[Task statement] Copy every line of the data exactly, keeping out any picture.

[Data block]
--

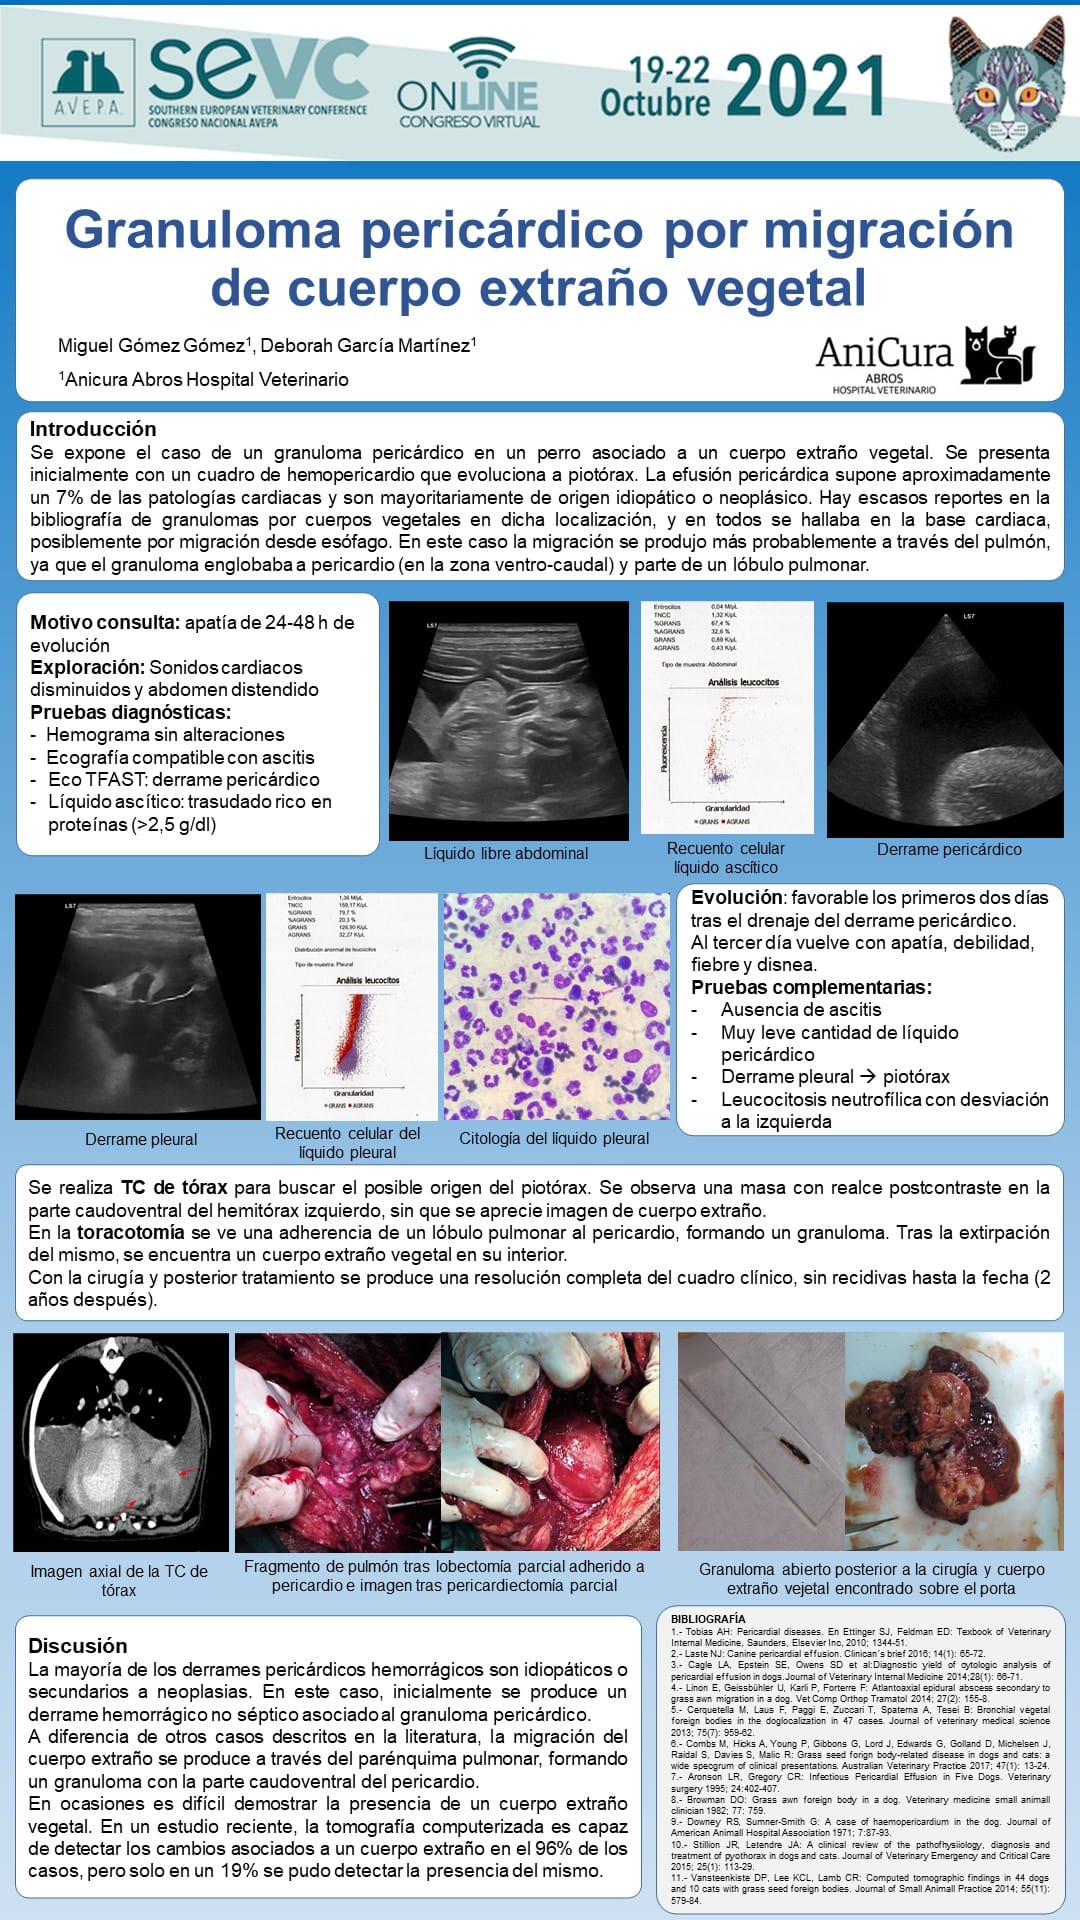 AXON COMUNICACION, AniCura Abros Hospital Veterinario reporta un caso de un granuloma por cuerpo extraño en el pericardio
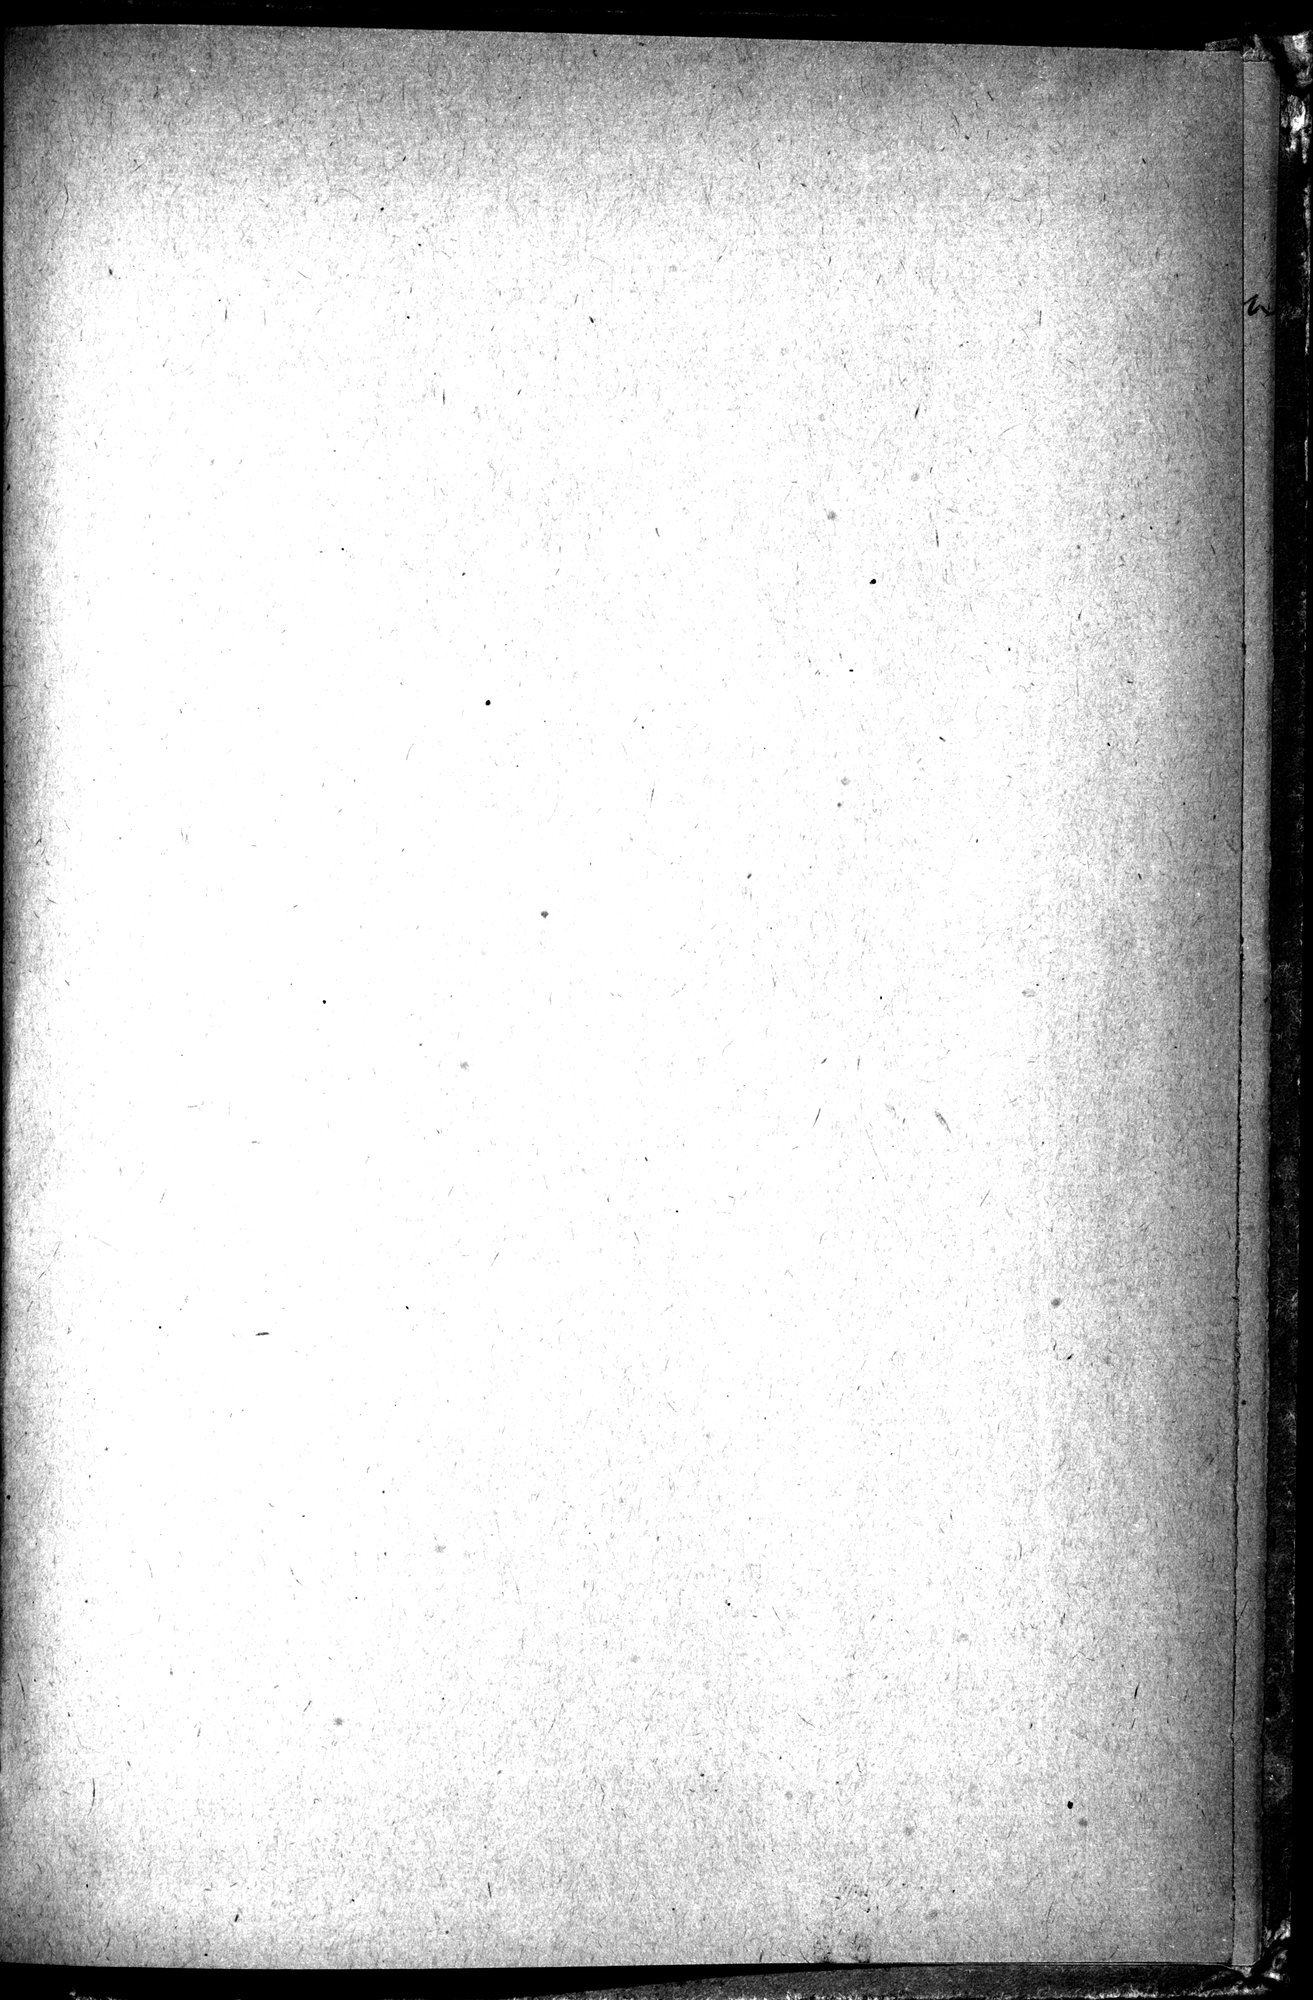 Puteshestvie v Tian' - Shan' v 1856-1857 godakh : vol.1 / 281 ページ（白黒高解像度画像）
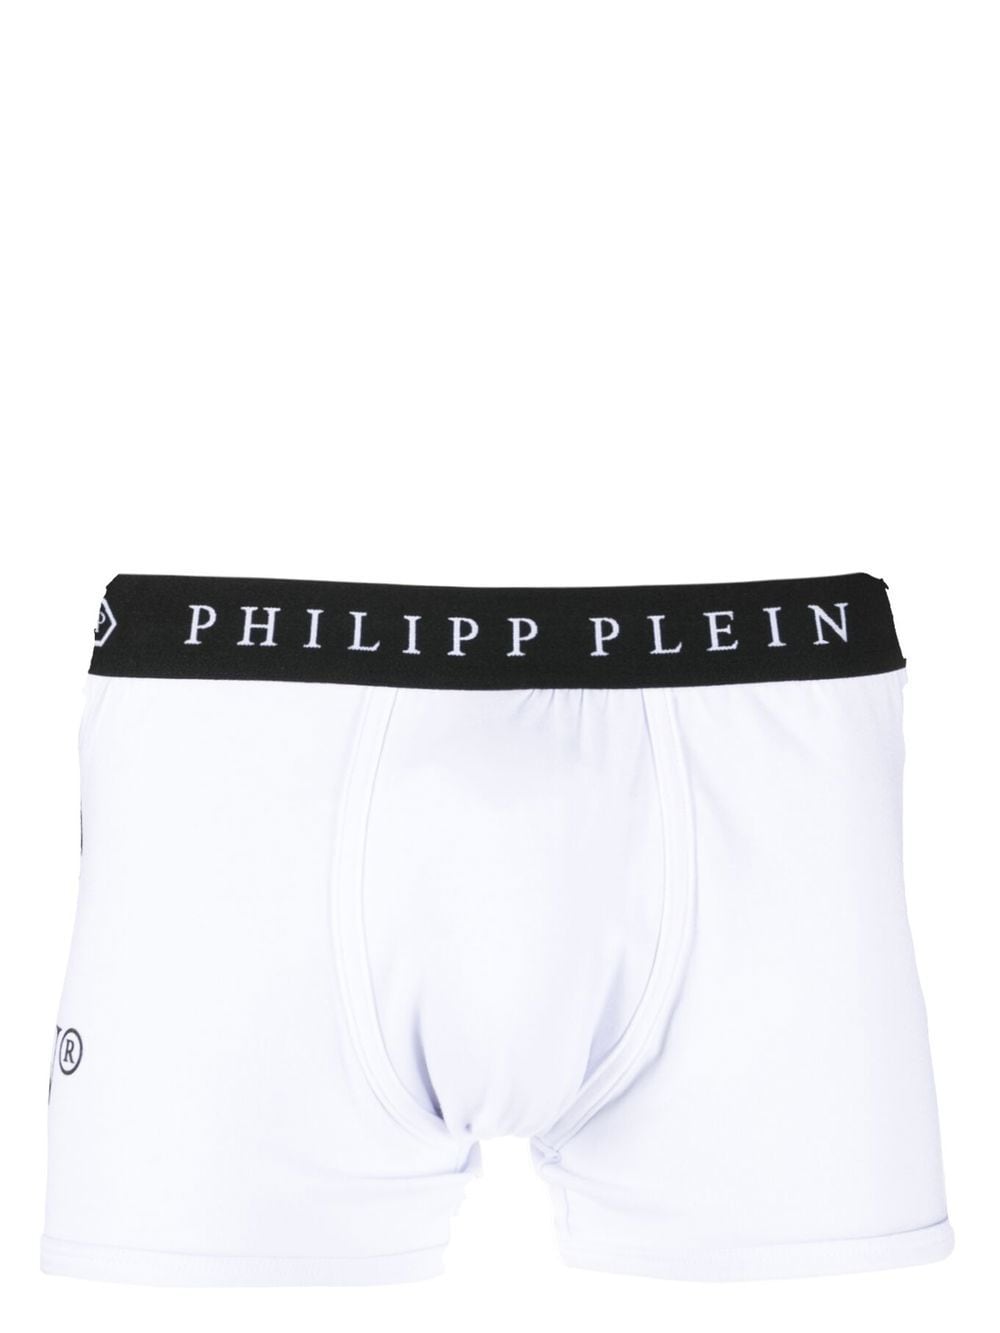 Philipp Plein logo print boxers - White von Philipp Plein

--

[Exercise solution]
 AXON COMUNICACION, AniCura Abros Hospital Veterinario reporta un caso de un granuloma por cuerpo extraño en el pericardio
 Puteshestvie v Tian' - Shan' v 1856-1857 godakh : vol.1 / 281 ページ（白黒高解像度画像）
 Philipp Plein logo print boxers - White von Philipp Plein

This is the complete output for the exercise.